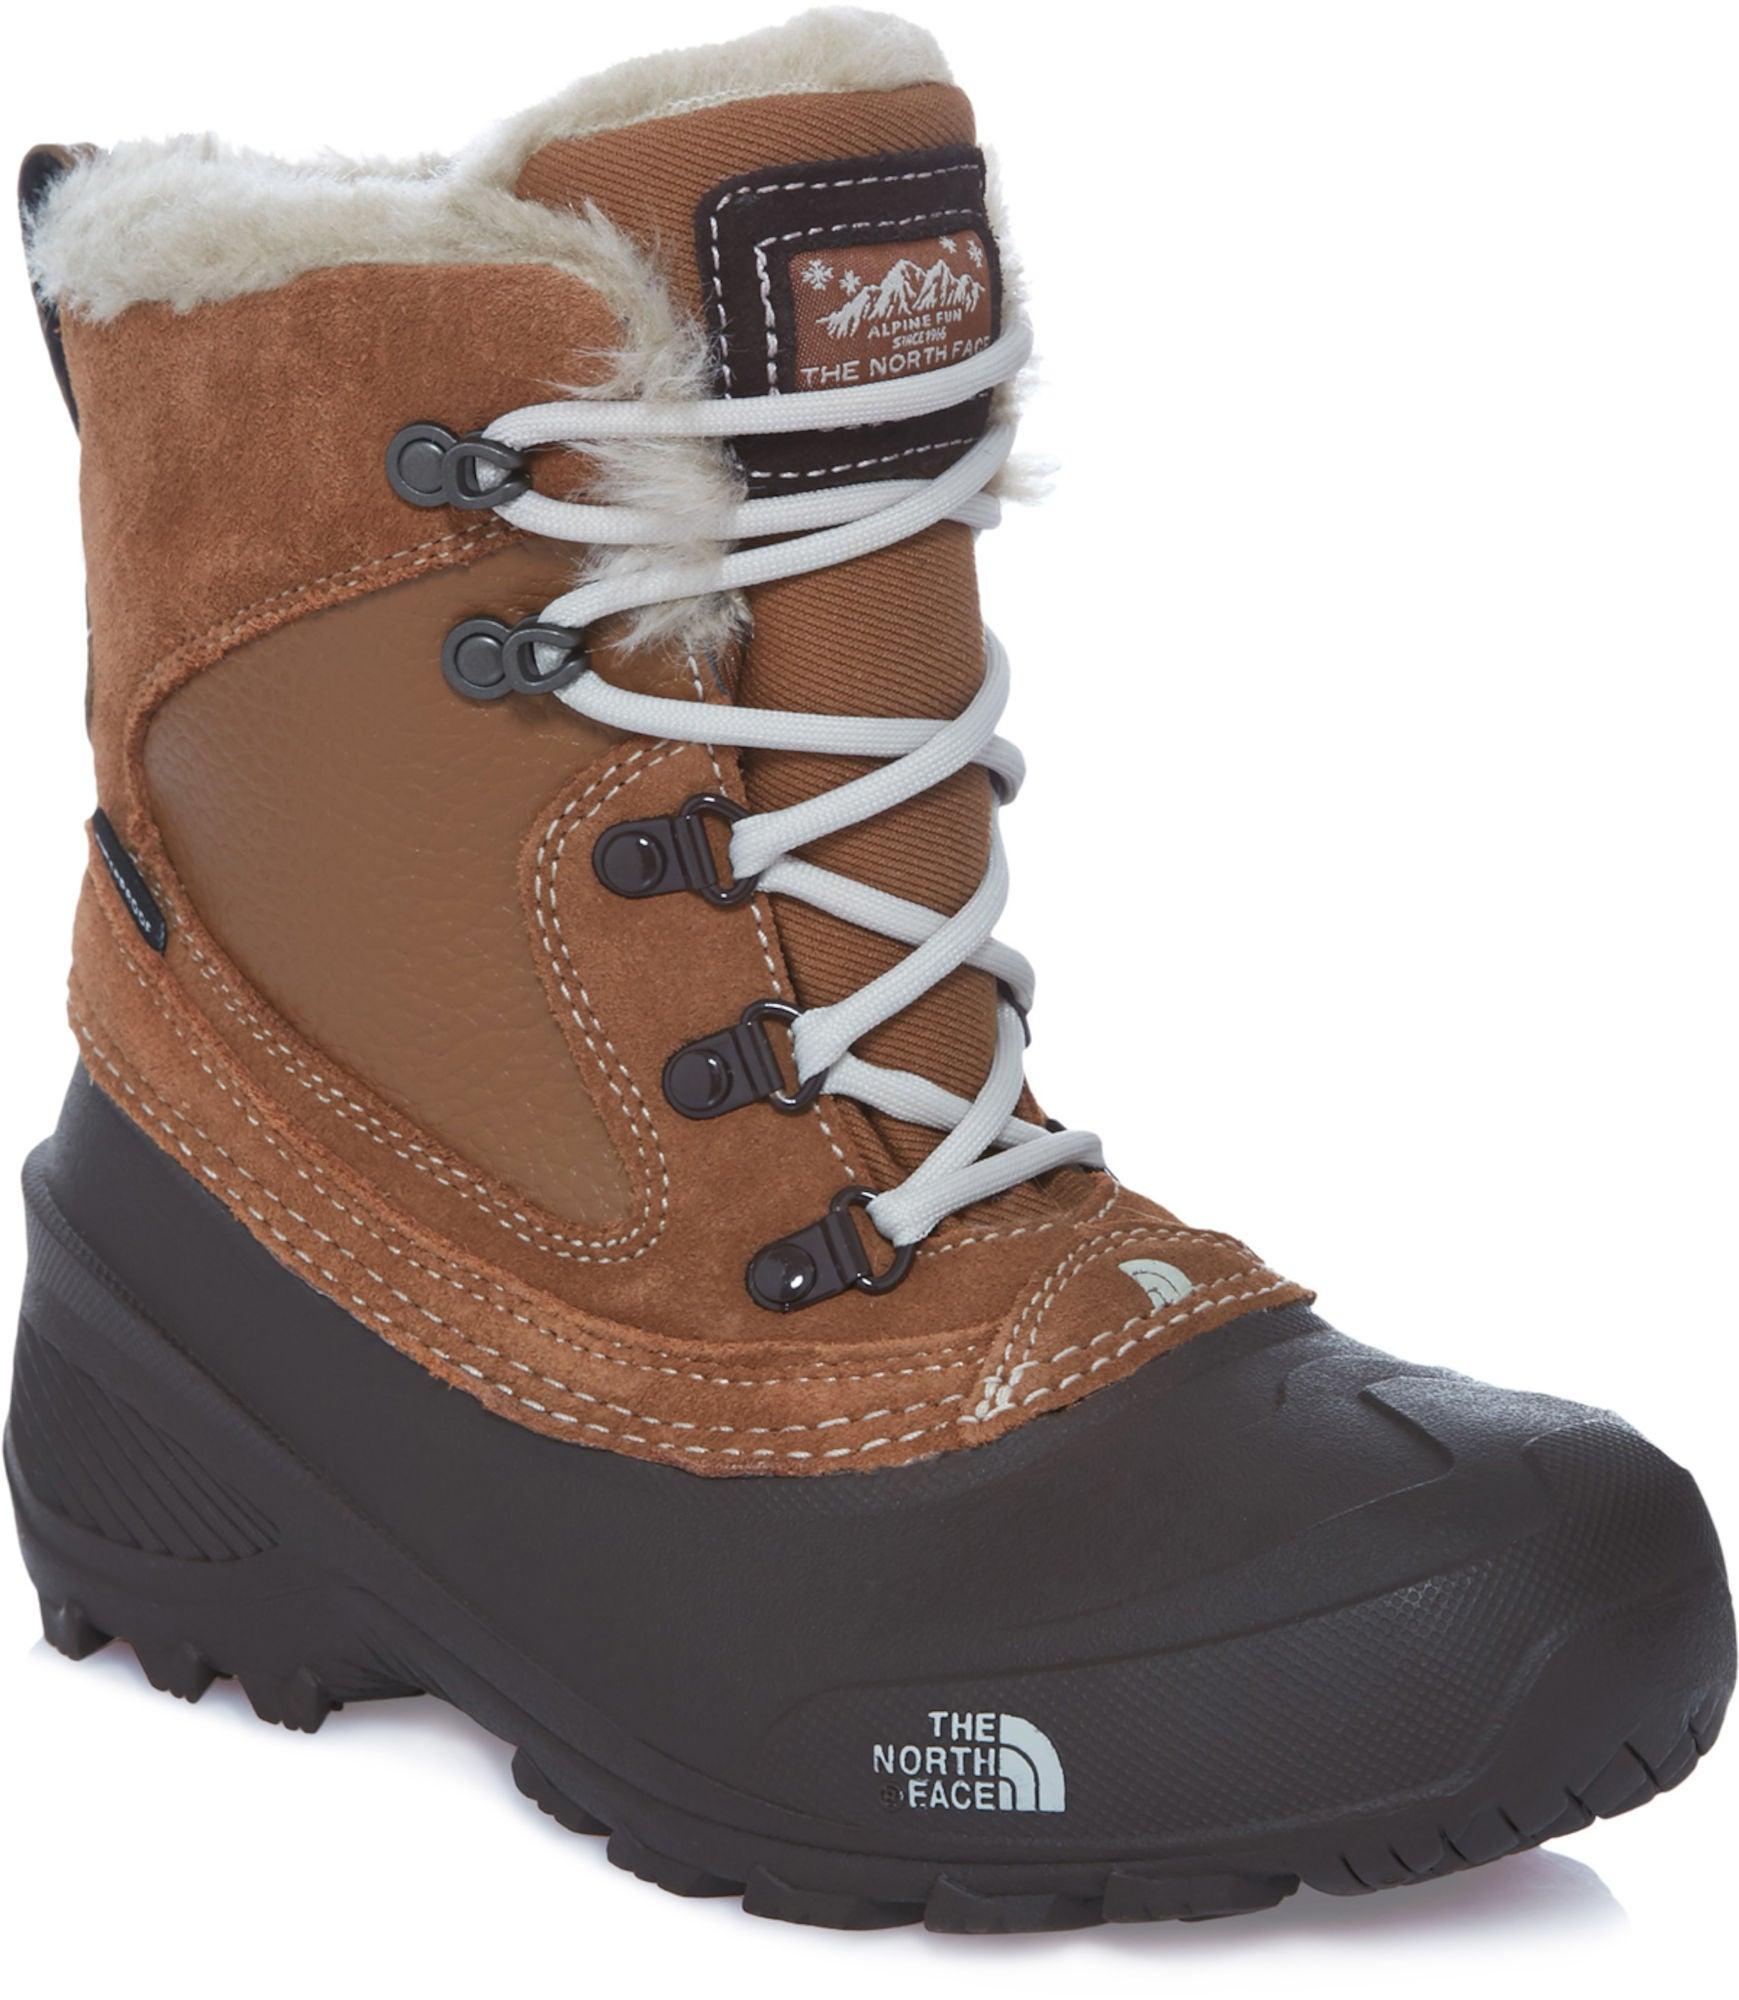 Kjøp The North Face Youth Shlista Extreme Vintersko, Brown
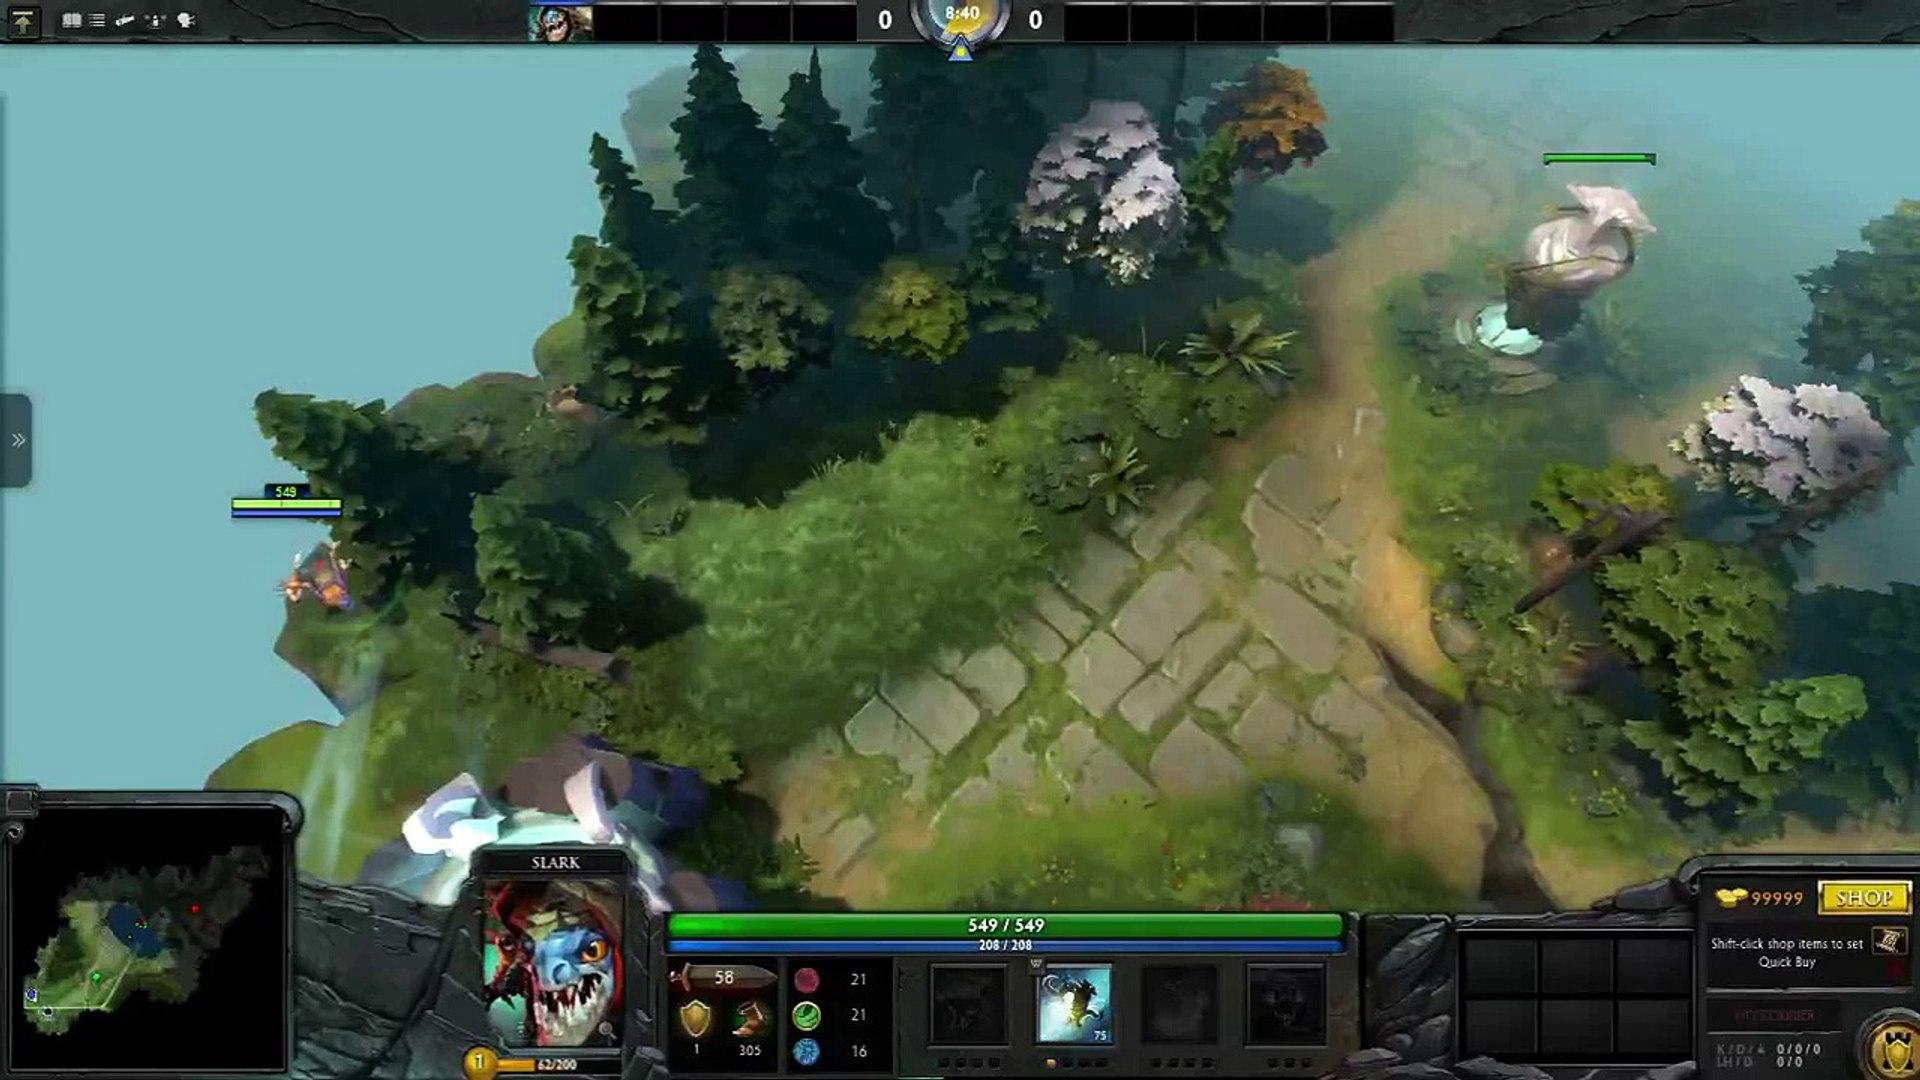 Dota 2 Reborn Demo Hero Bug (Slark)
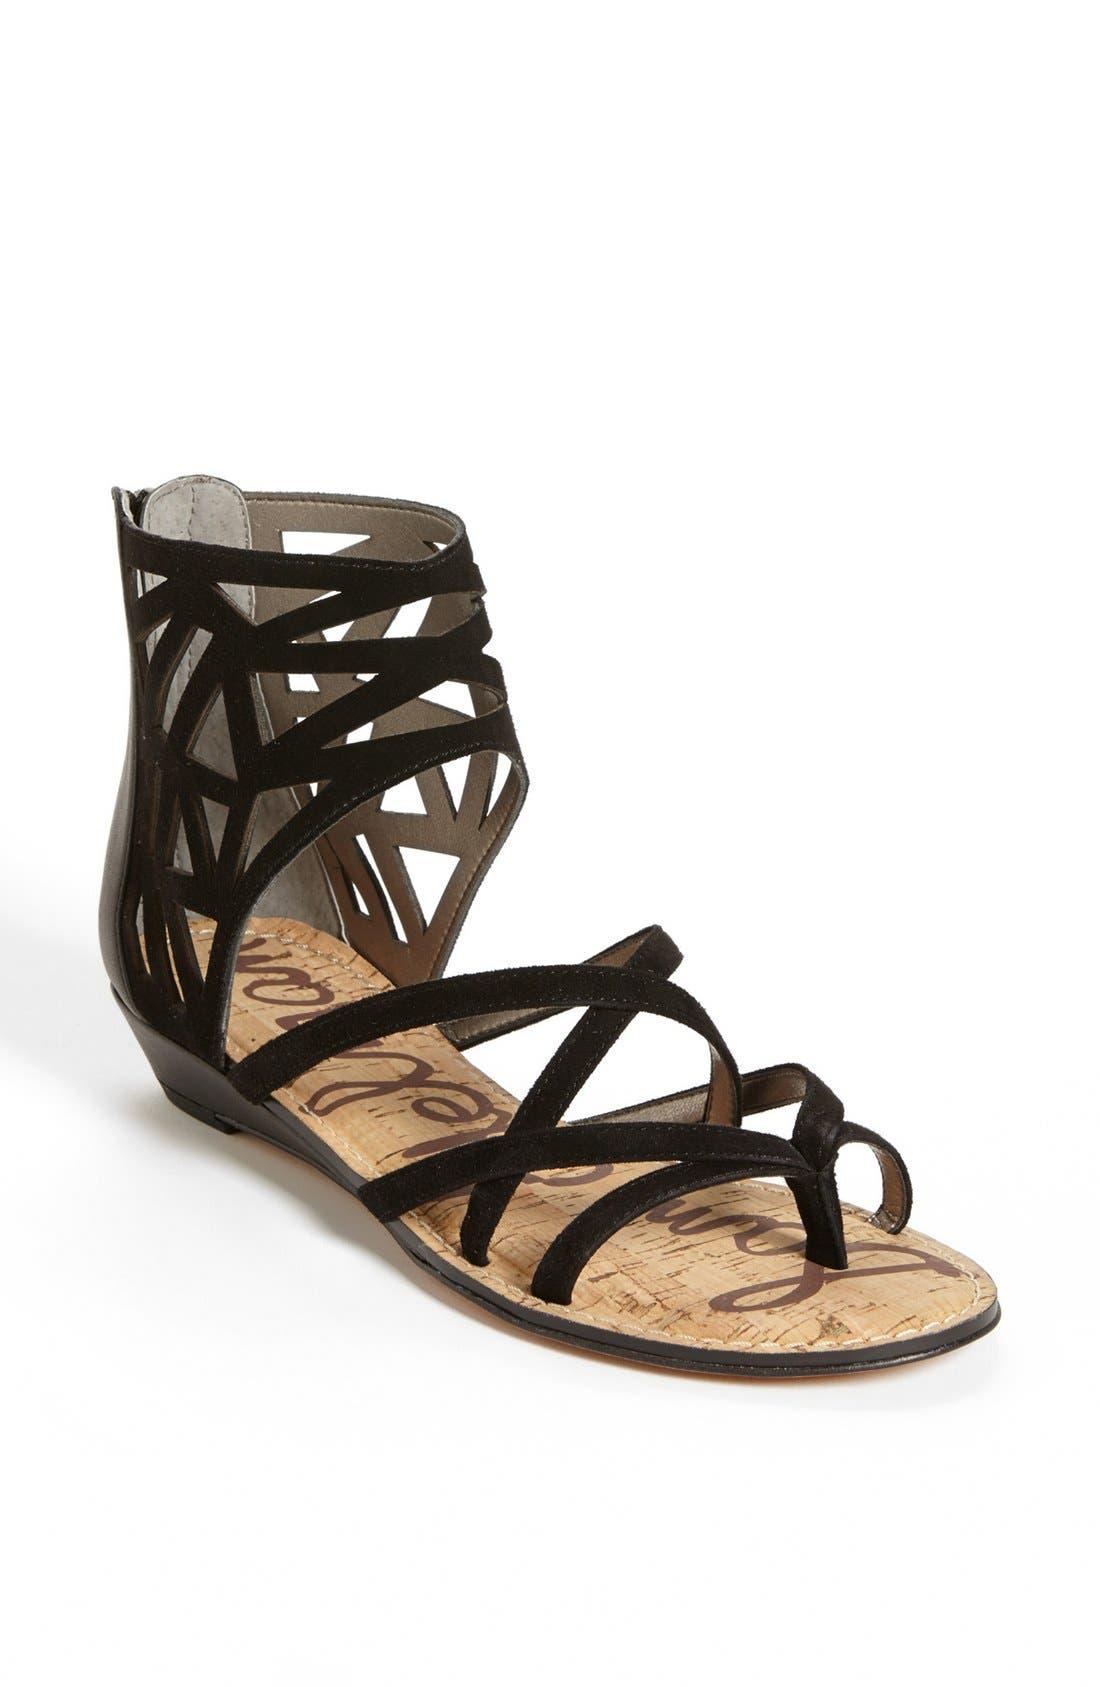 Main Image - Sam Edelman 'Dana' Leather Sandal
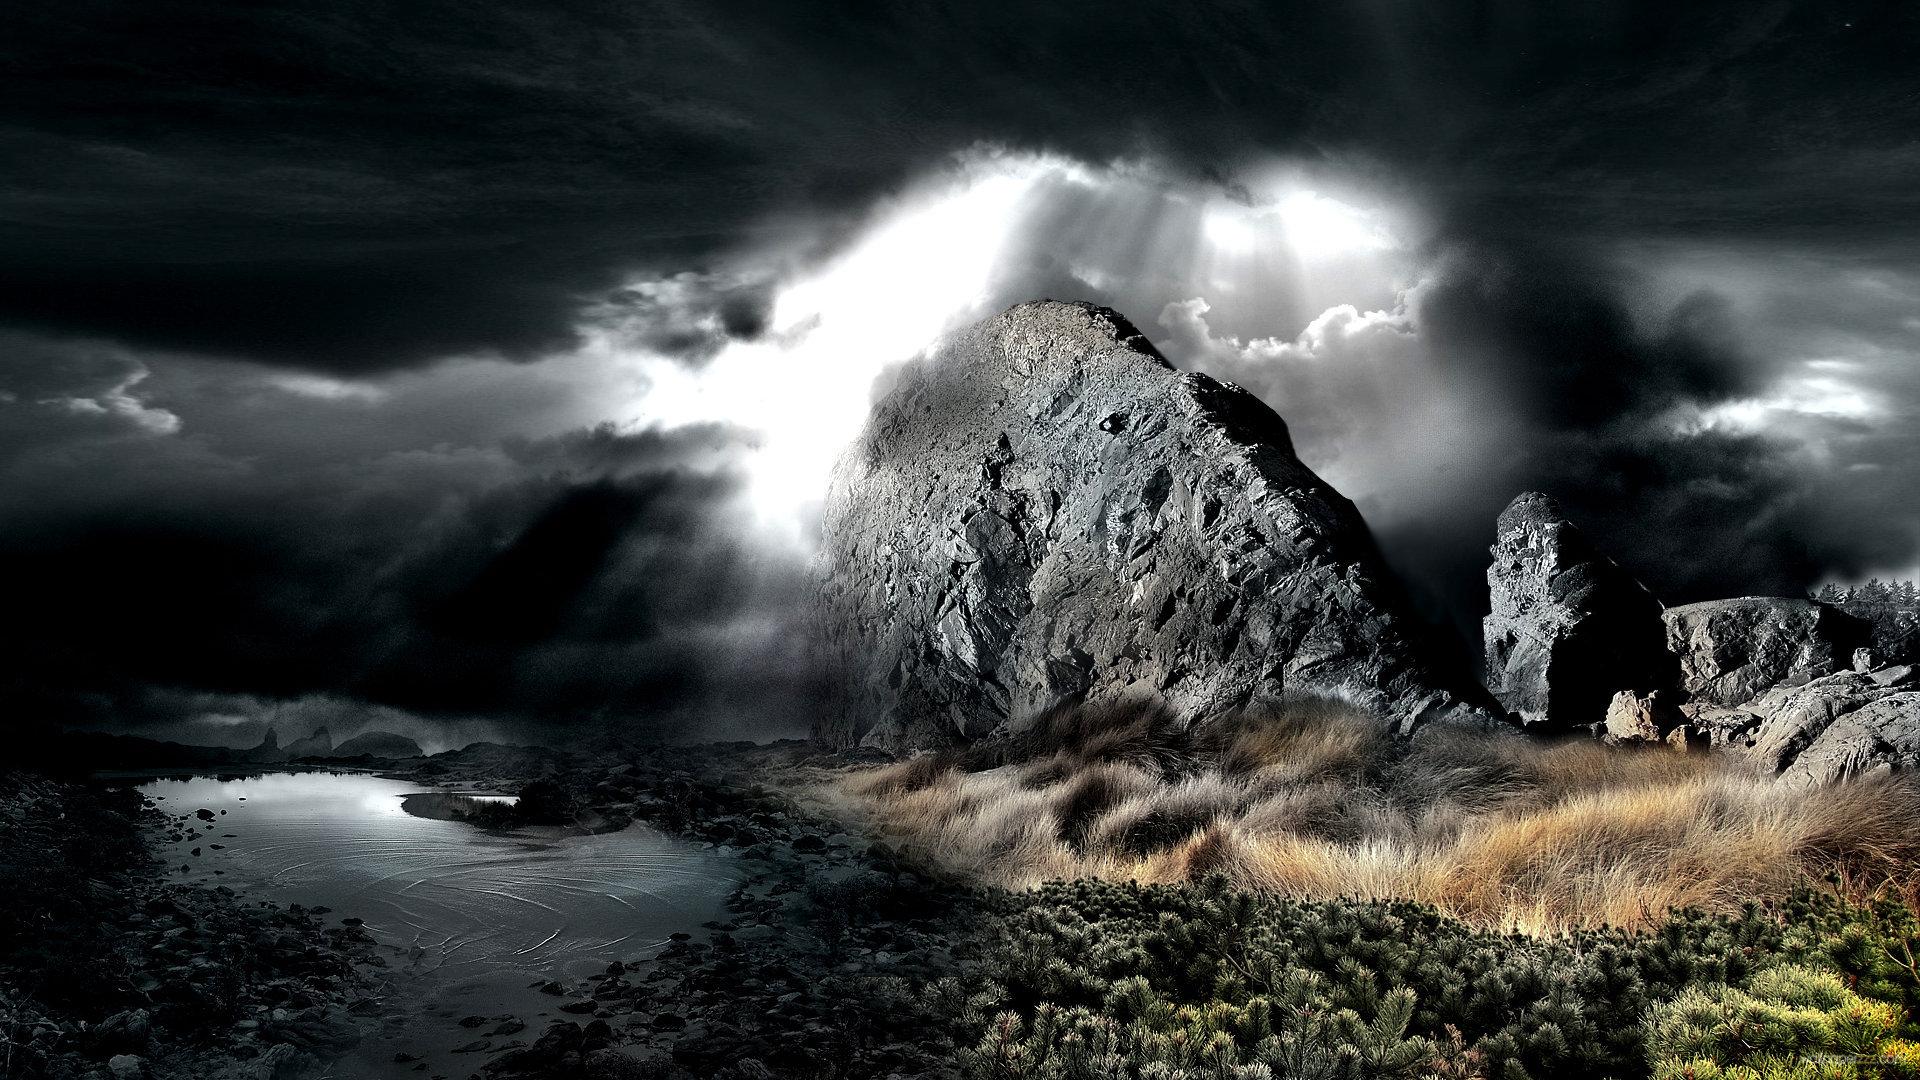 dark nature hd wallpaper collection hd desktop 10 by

Aim of the exercise
Restate every line above word for word. Do not carry over the images.

Finished task
 Kjøp The North Face Youth Shlista Extreme Vintersko, Brown
 Dota 2 Reborn Demo Hero Bug (Slark)
 Main Image - Sam Edelman 'Dana' Leather Sandal
 dark nature hd wallpaper collection hd desktop 10 by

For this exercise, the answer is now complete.